The term RFT stands for respiratory function test, a test used to study and measure the functioning of the respiratory system. It is performed by a respiratory physician in primary care or in hospital, in a specialised department.
RFT - the process
The aim of an RFT is to diagnose or monitor changes in a respiratory disease such asasthma, chronic obstructive pulmonary disease (COPD) or cystic fibrosis. An RFT is also used to assess the impact of various surgeries which may affect the respiratory tract.

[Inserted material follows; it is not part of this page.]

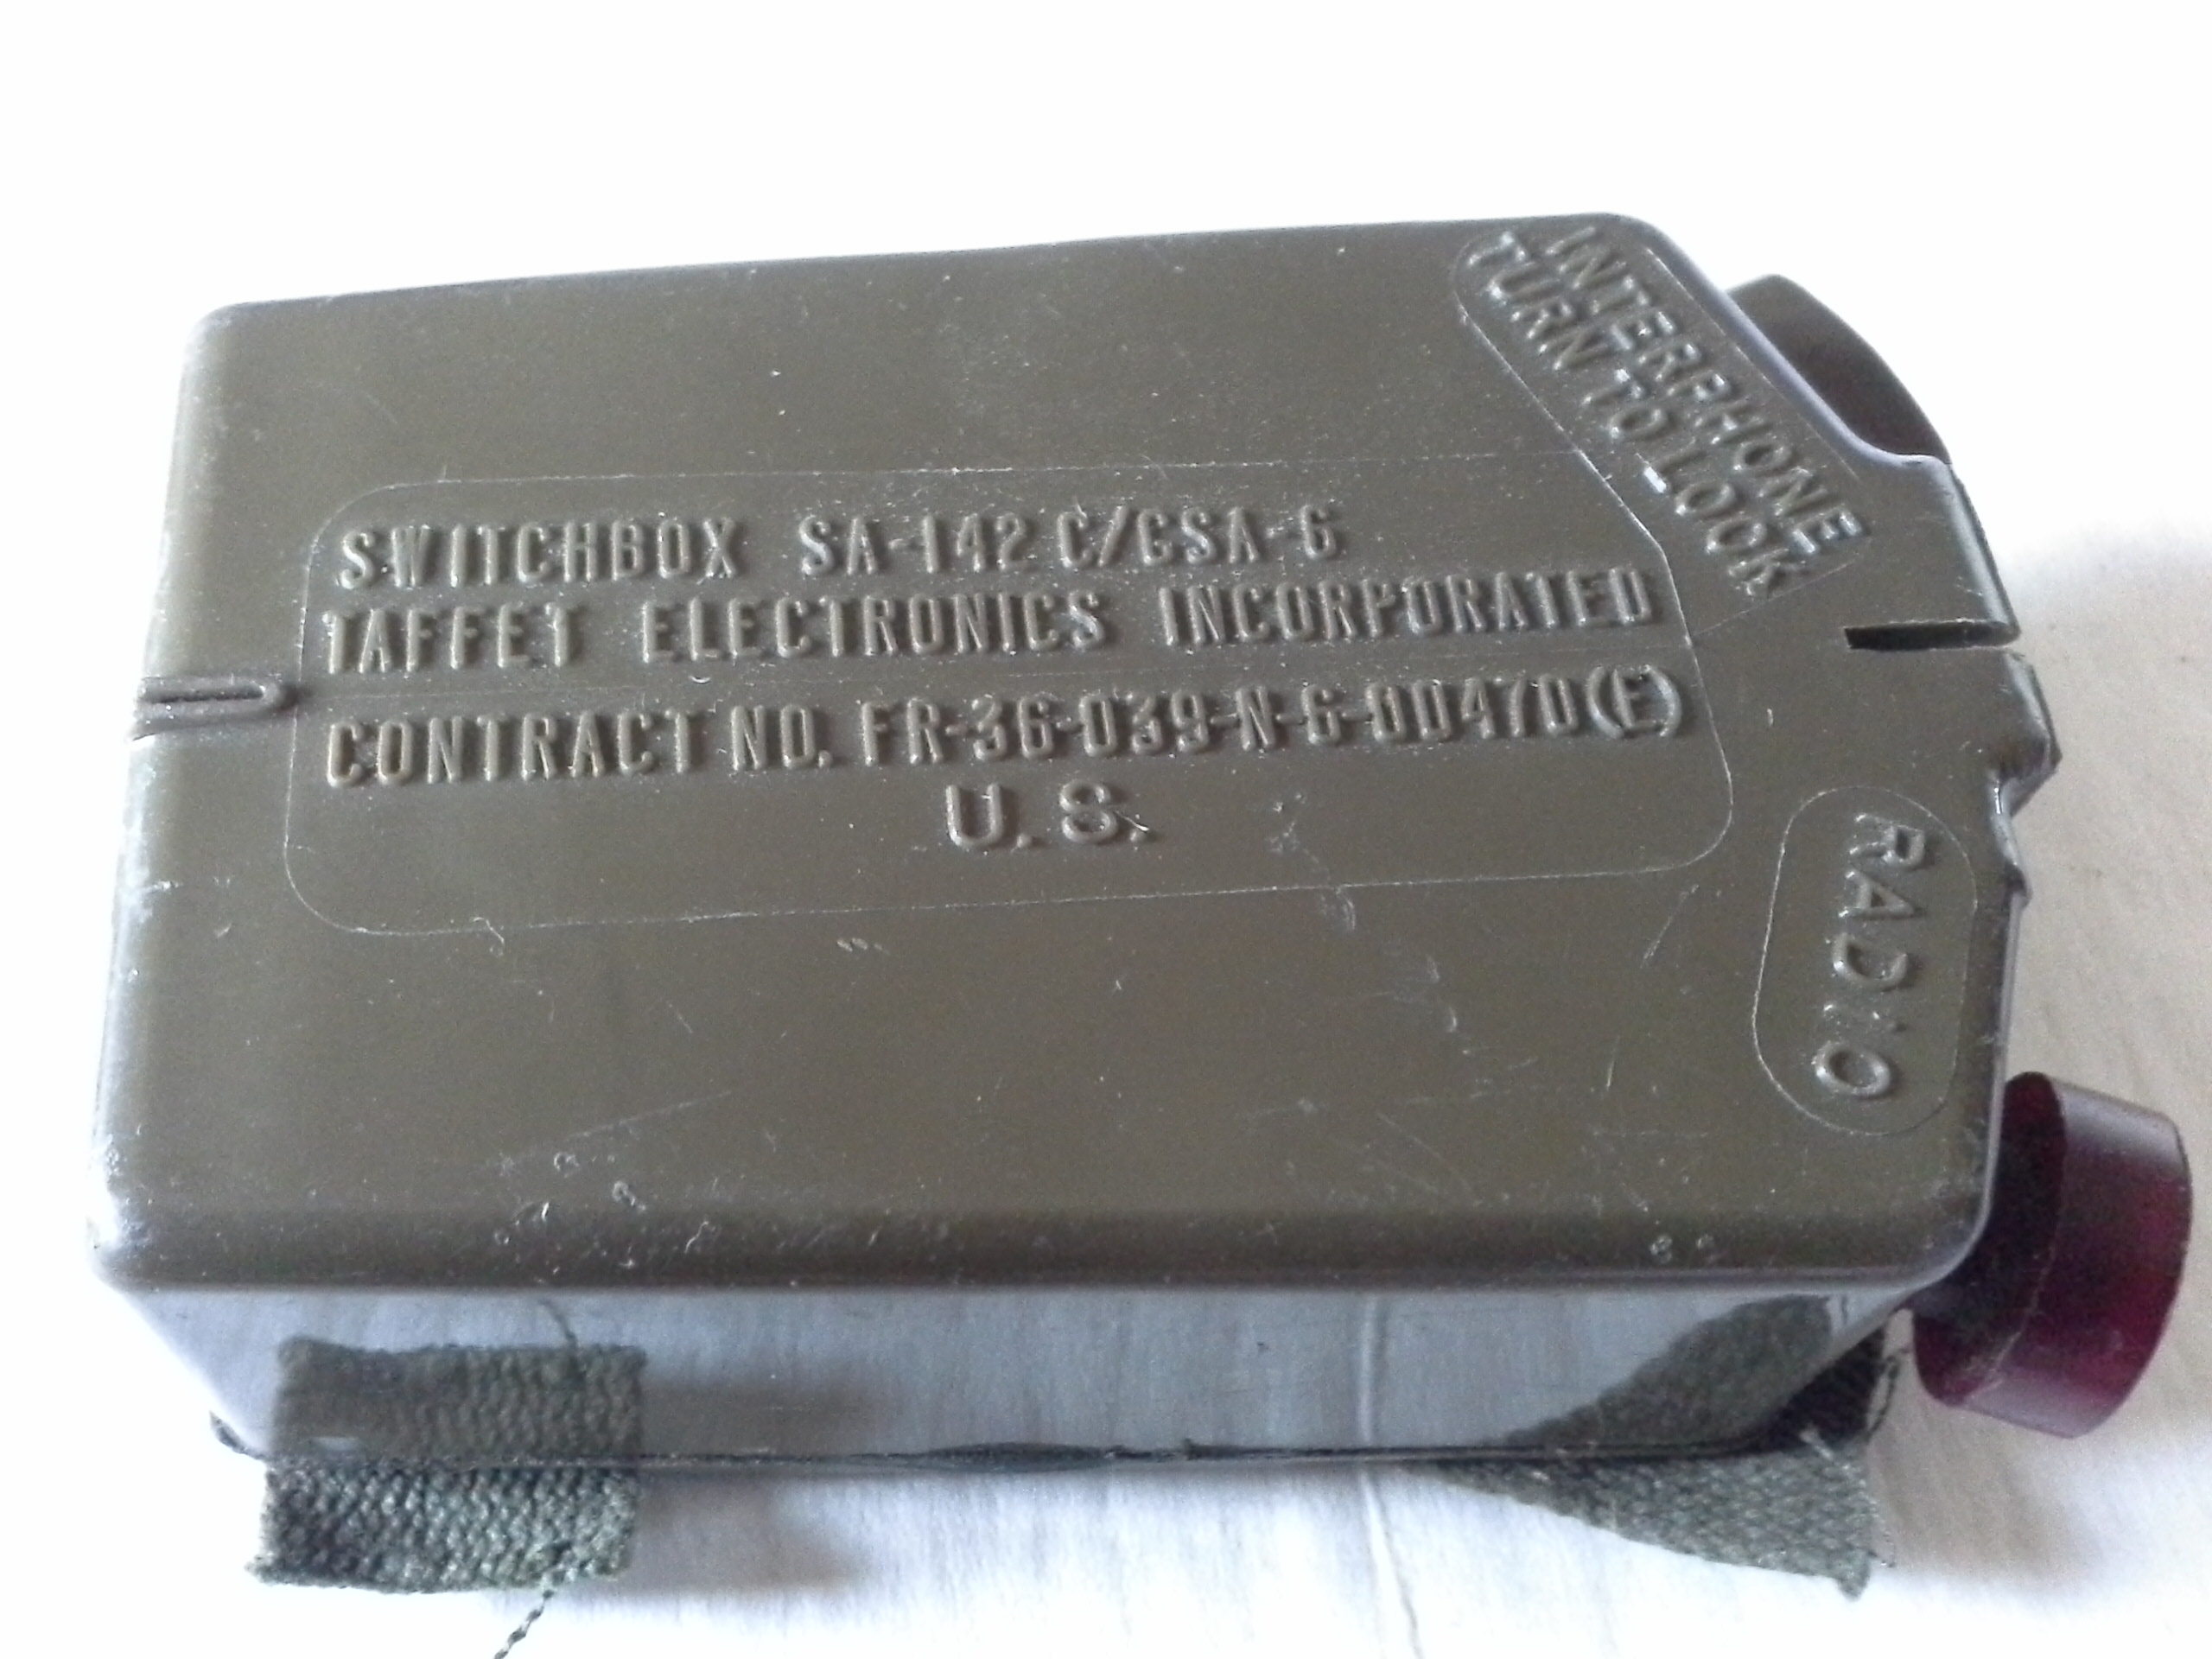 Switchbox SA-142 C/GSA-6 Brustschaltkasten für Funkgerät

The investigation procedure
The patient is seated with his/her nose blocked by a small clip. The patient then breathes as quickly and hard as possible through a disposable tip which is placed in his/her mouth. The tip is connected to an instrument called a spirometer. The results are recorded as figures that are processed by computer and graphs displayed on screen. The set of results can then be printed and analysed. They are compared to results from a reference person of the same sex, same height and same age with normal respiratory capacity. The investigation also includes an analysis of blood gases and in some cases, walking tests, exercise tests on an ergonomic bicycle and measurement of carbon monoxide diffusion, etc.
Possible risks of RFT
There are no risks in performing an RFT. It is also not necessary to fast for the test. It is (obviously!) recommended that subjects avoid smoking or taking medicines such as bronchodilators for 4 hours before the test.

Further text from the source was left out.